Supplied information:

++++++++++++++++++++

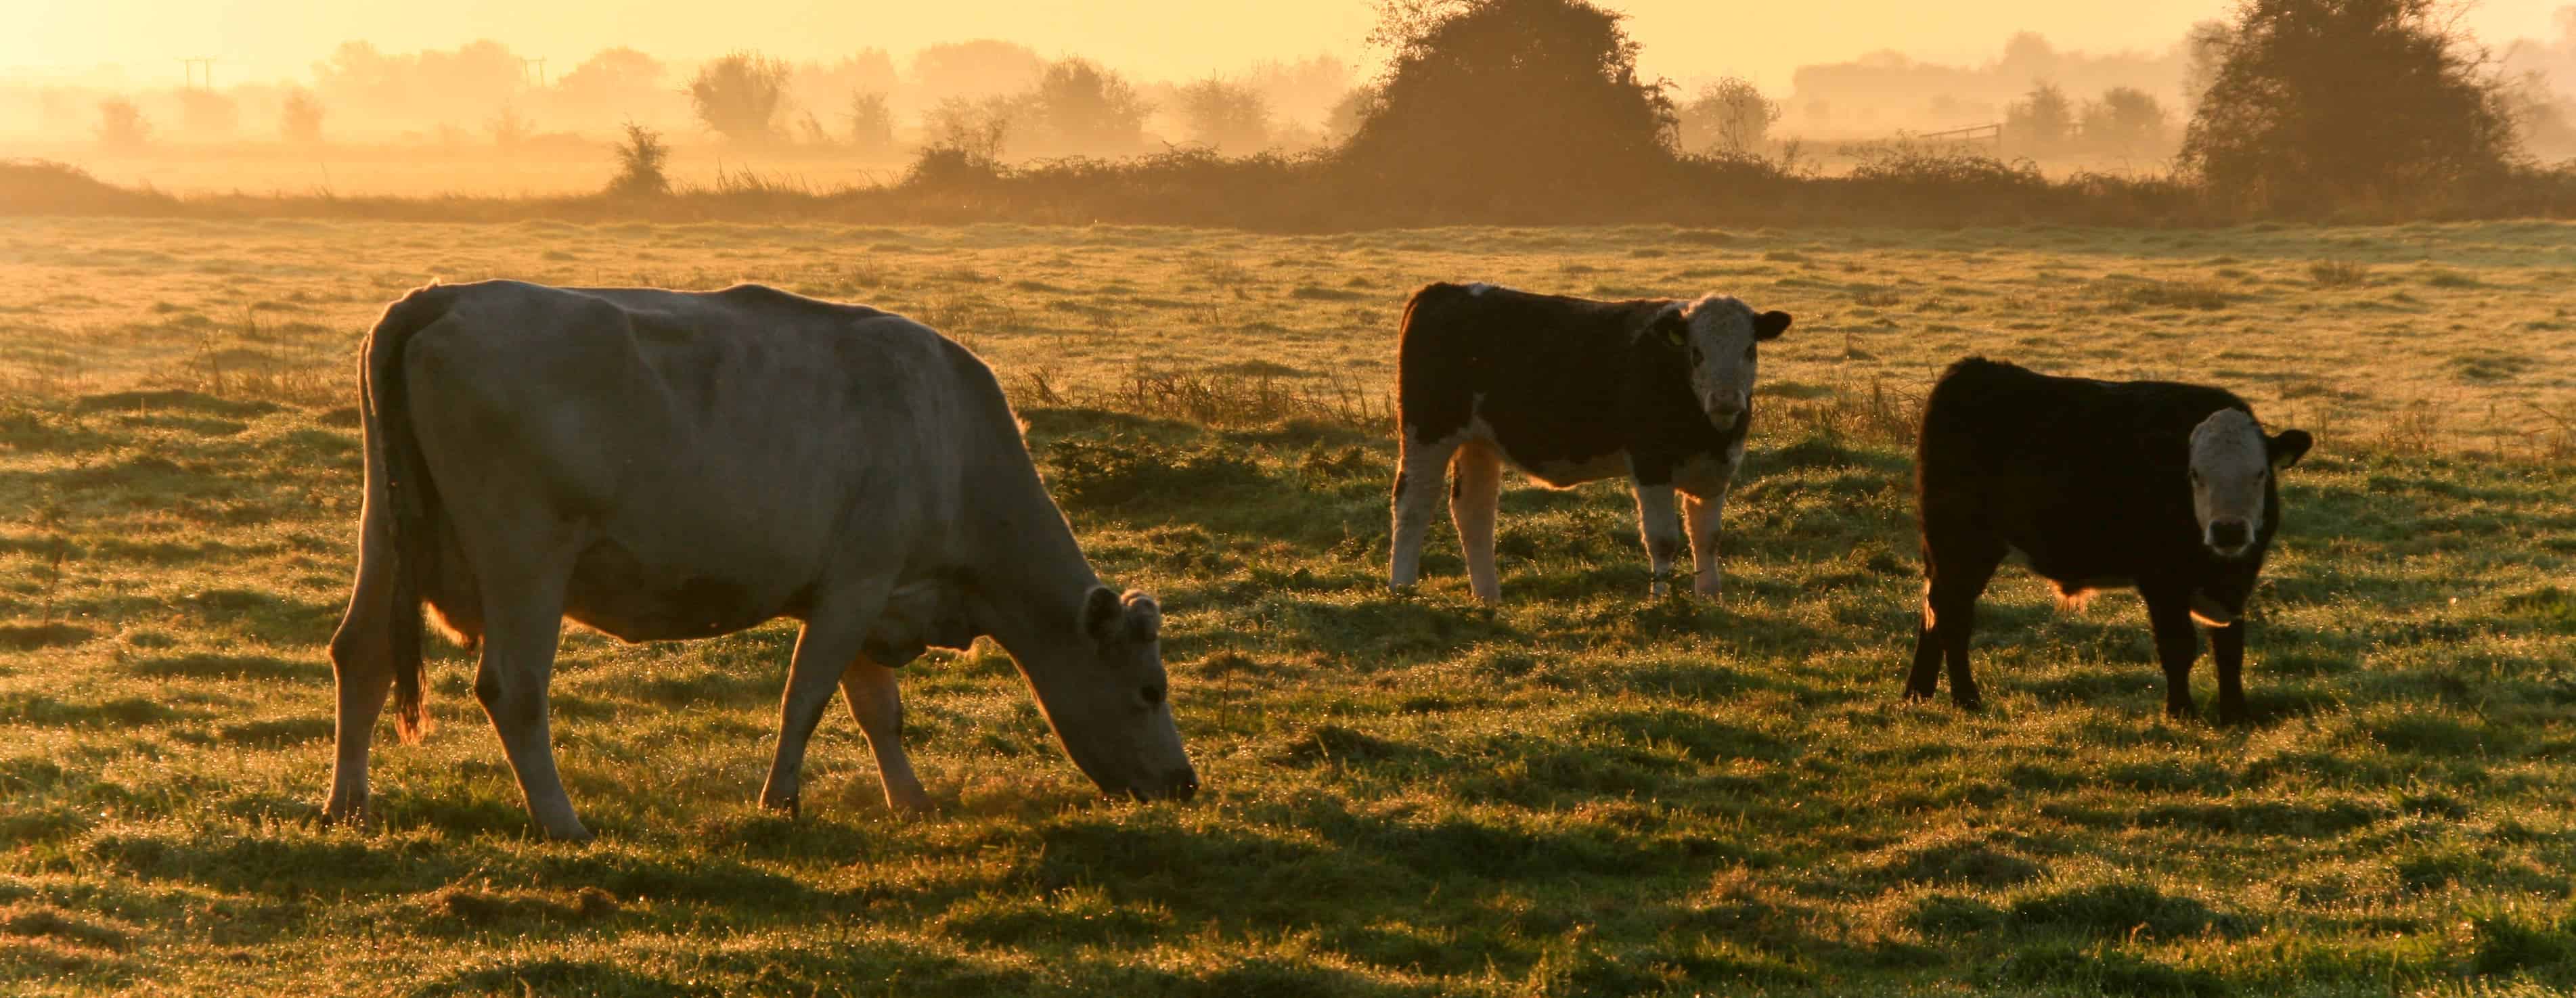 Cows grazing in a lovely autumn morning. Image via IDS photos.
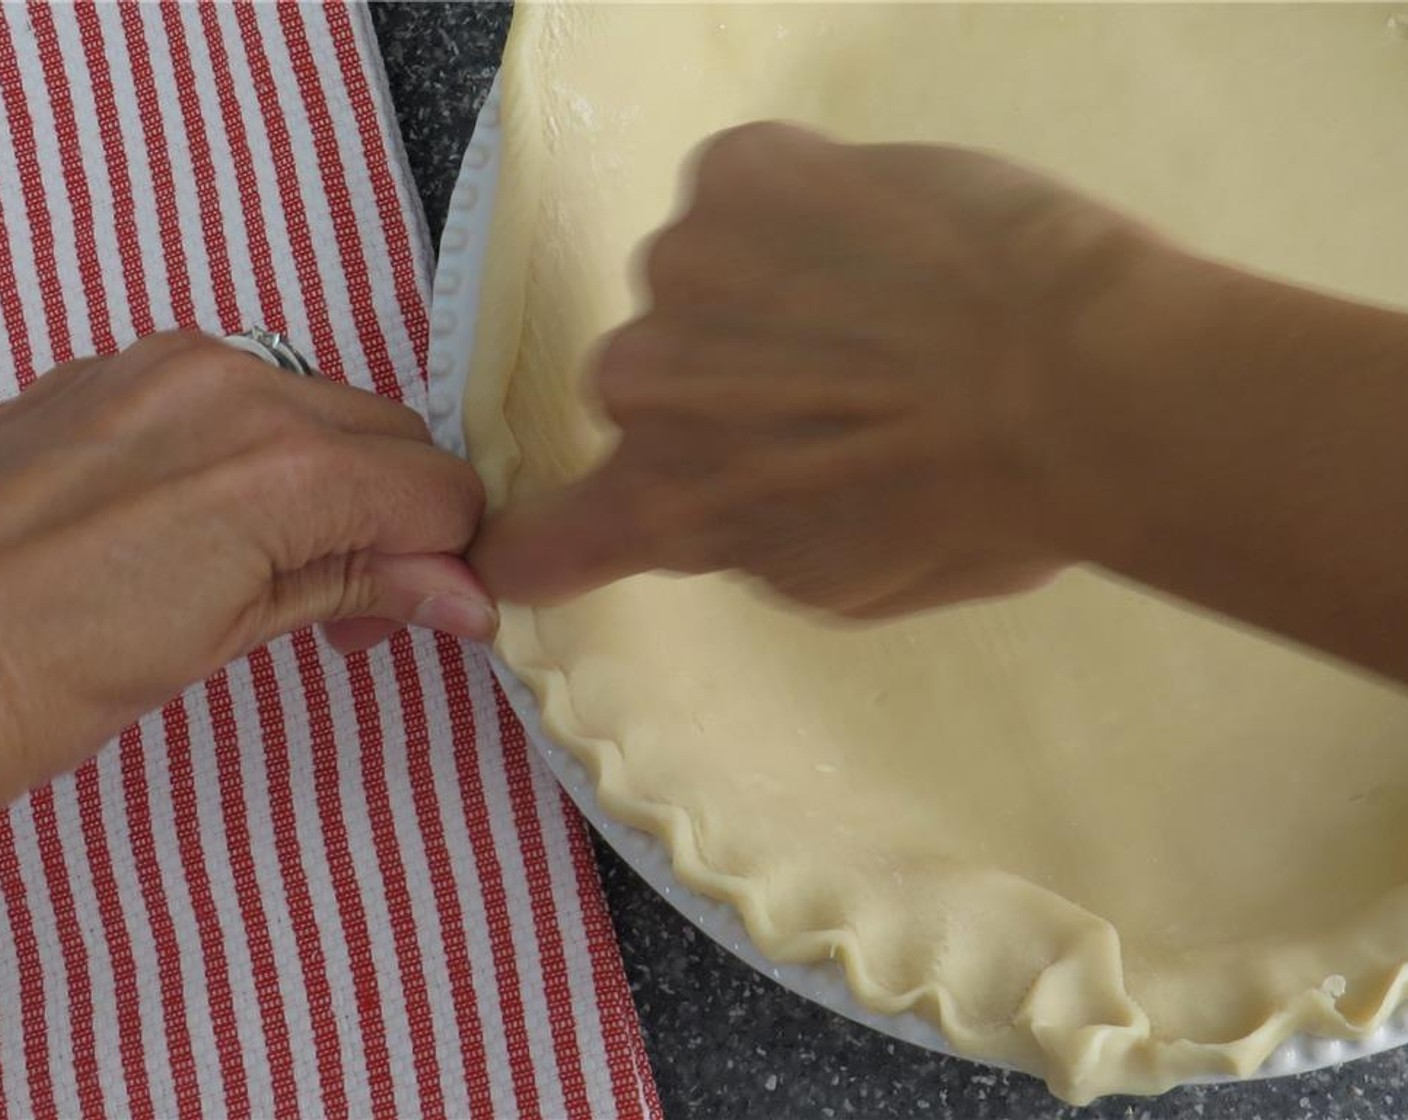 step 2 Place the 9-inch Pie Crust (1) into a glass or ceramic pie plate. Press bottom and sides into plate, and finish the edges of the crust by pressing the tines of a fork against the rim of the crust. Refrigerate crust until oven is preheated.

++++++++++++++++++++

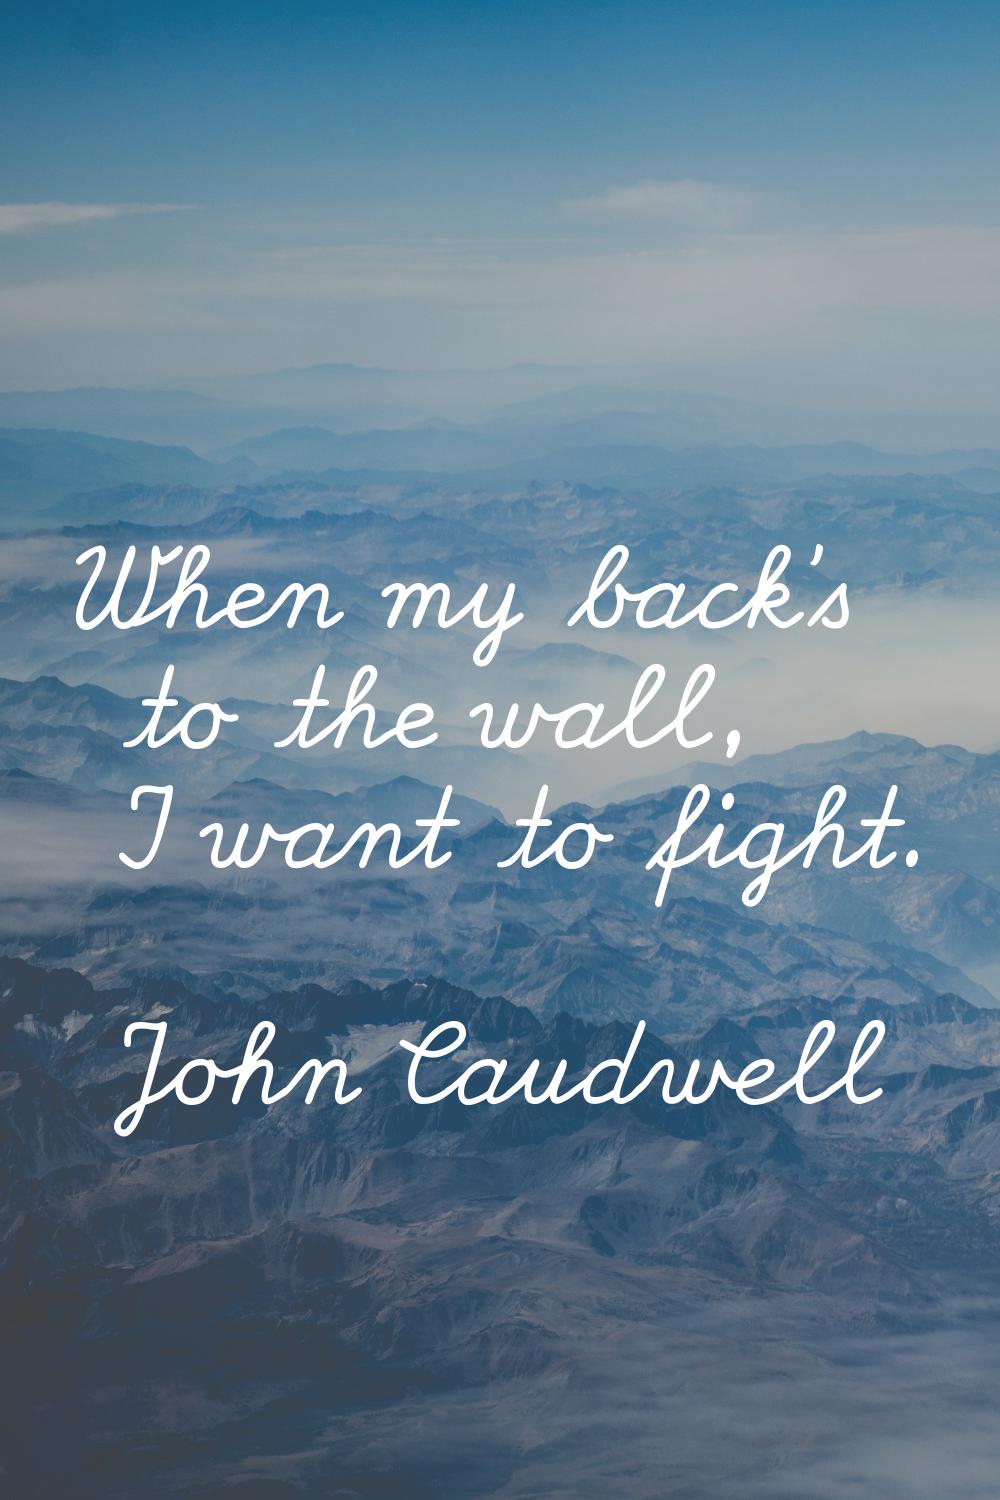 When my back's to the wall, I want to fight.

++++++++++++++++++++

Action item: Look above for the line with "Cows grazing in" and the line with "step 2 Place". Copy them and every line between, exactly, but no pictures.

Exercise response:
 Cows grazing in a lovely autumn morning. Image via IDS photos.
 step 2 Place the 9-inch Pie Crust (1) into a glass or ceramic pie plate. Press bottom and sides into plate, and finish the edges of the crust by pressing the tines of a fork against the rim of the crust. Refrigerate crust until oven is preheated.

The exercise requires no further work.